Work to complete:
Retype the following records exactly and exclude the pictures.

[Records from a collection]
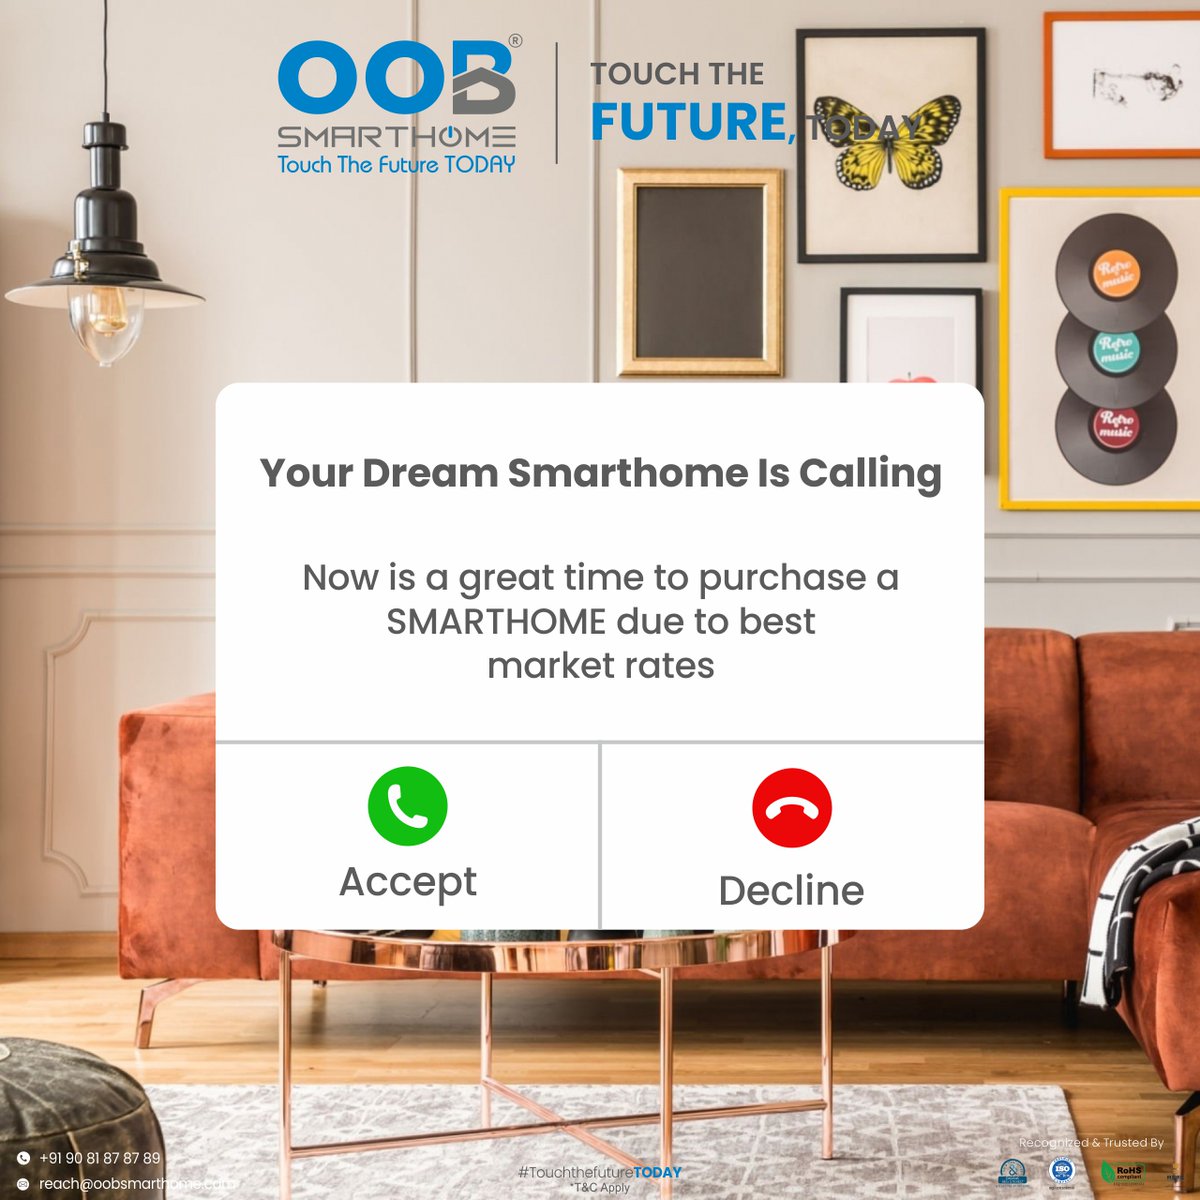 Your dream smart home awaits! Experience the future of living with seamless automation, convenience, and comfort. Get ready to unlock the possibilities of tomorrow, today.

for quick inquiry call on: +91 90 81 87 87 89
.
.
#oobsmarthome #connectedhome #smarttechnology
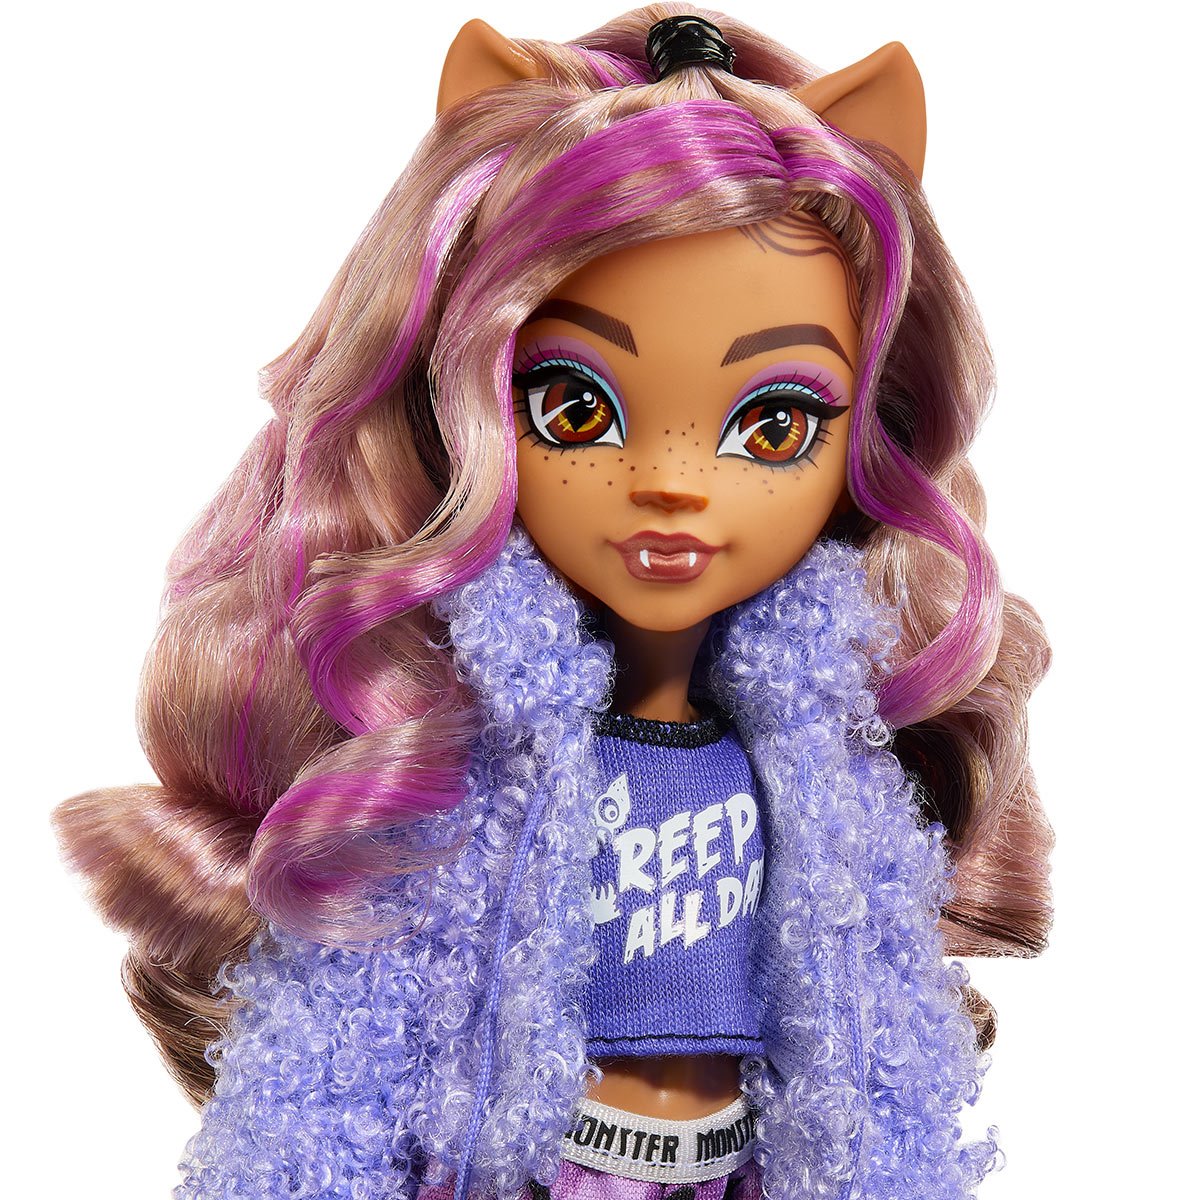 MONSTER HIGH DOLL CLAWDEEN WITH KILLER STYLE DAUGHTER OF WEREWOLF
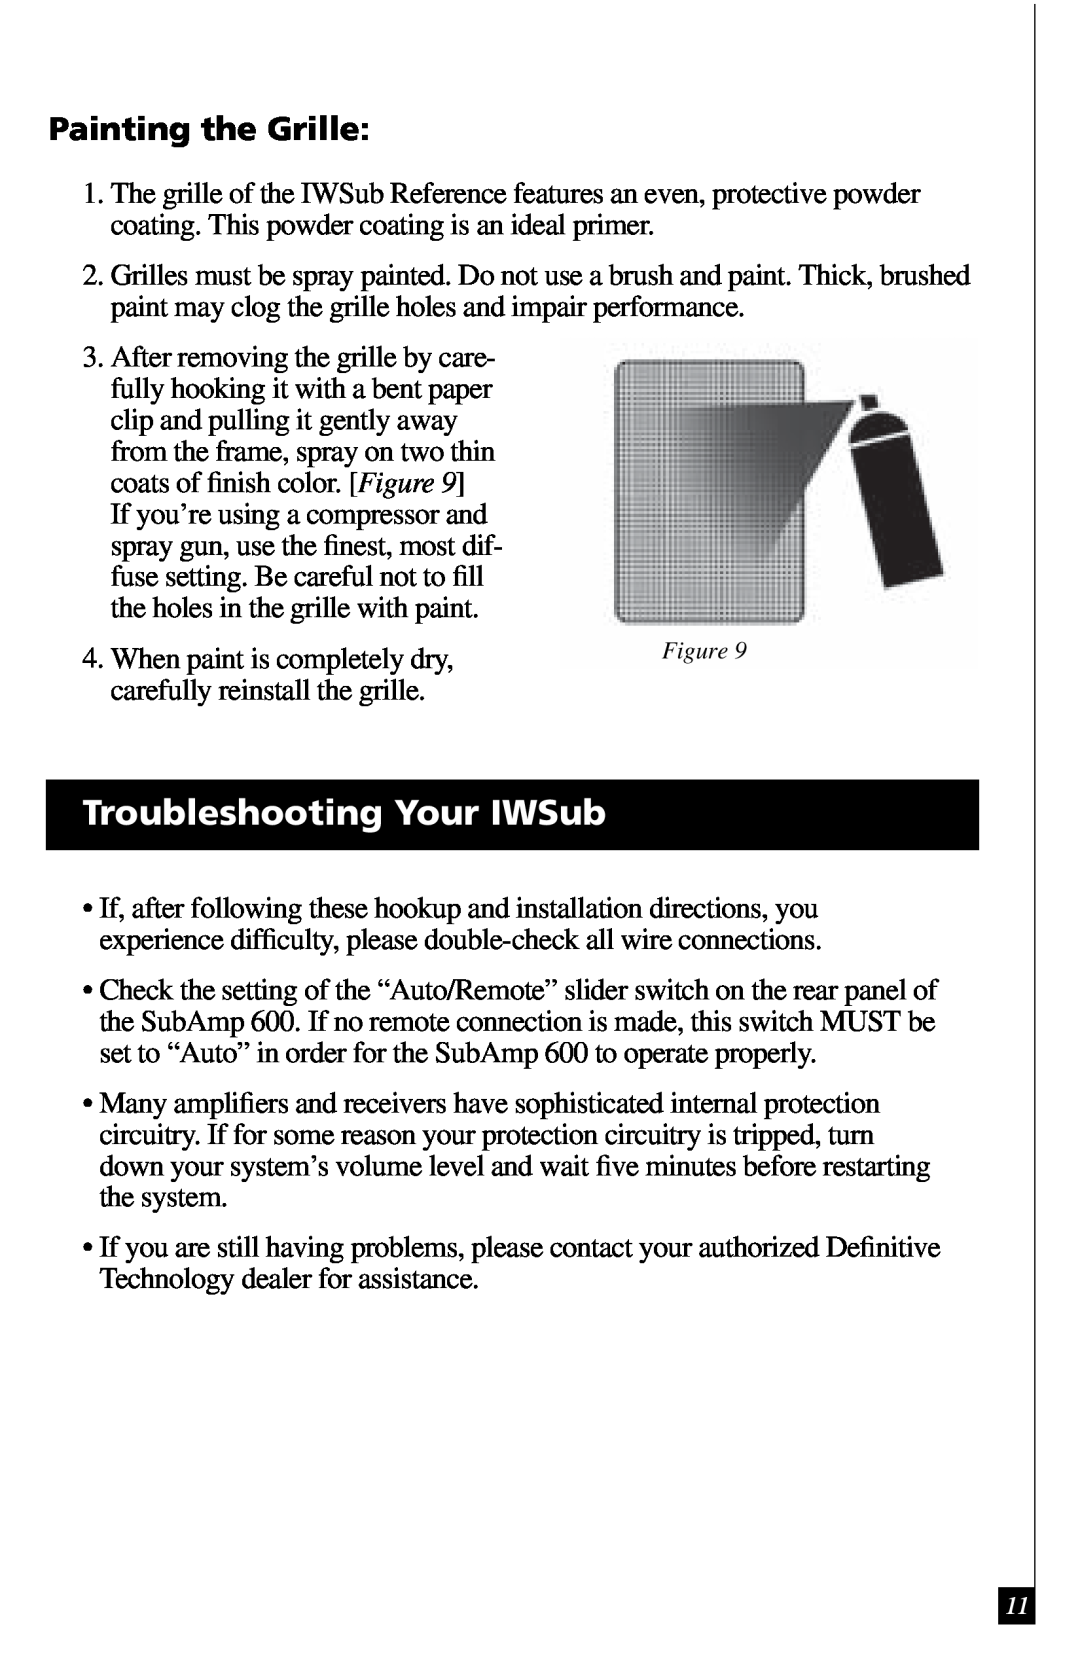 Definitive Technology 600 owner manual Troubleshooting Your IWSub, Painting the Grille

Answer to the exercise:
 Your dream smart home awaits! Experience the future of living with seamless automation, convenience, and comfort. Get ready to unlock the possibilities of tomorrow, today.

for quick inquiry call on: +91 90 81 87 87 89
.
.
#oobsmarthome #connectedhome #smarttechnology
 MONSTER HIGH DOLL CLAWDEEN WITH KILLER STYLE DAUGHTER OF WEREWOLF
 Definitive Technology 600 owner manual Troubleshooting Your IWSub, Painting the Grille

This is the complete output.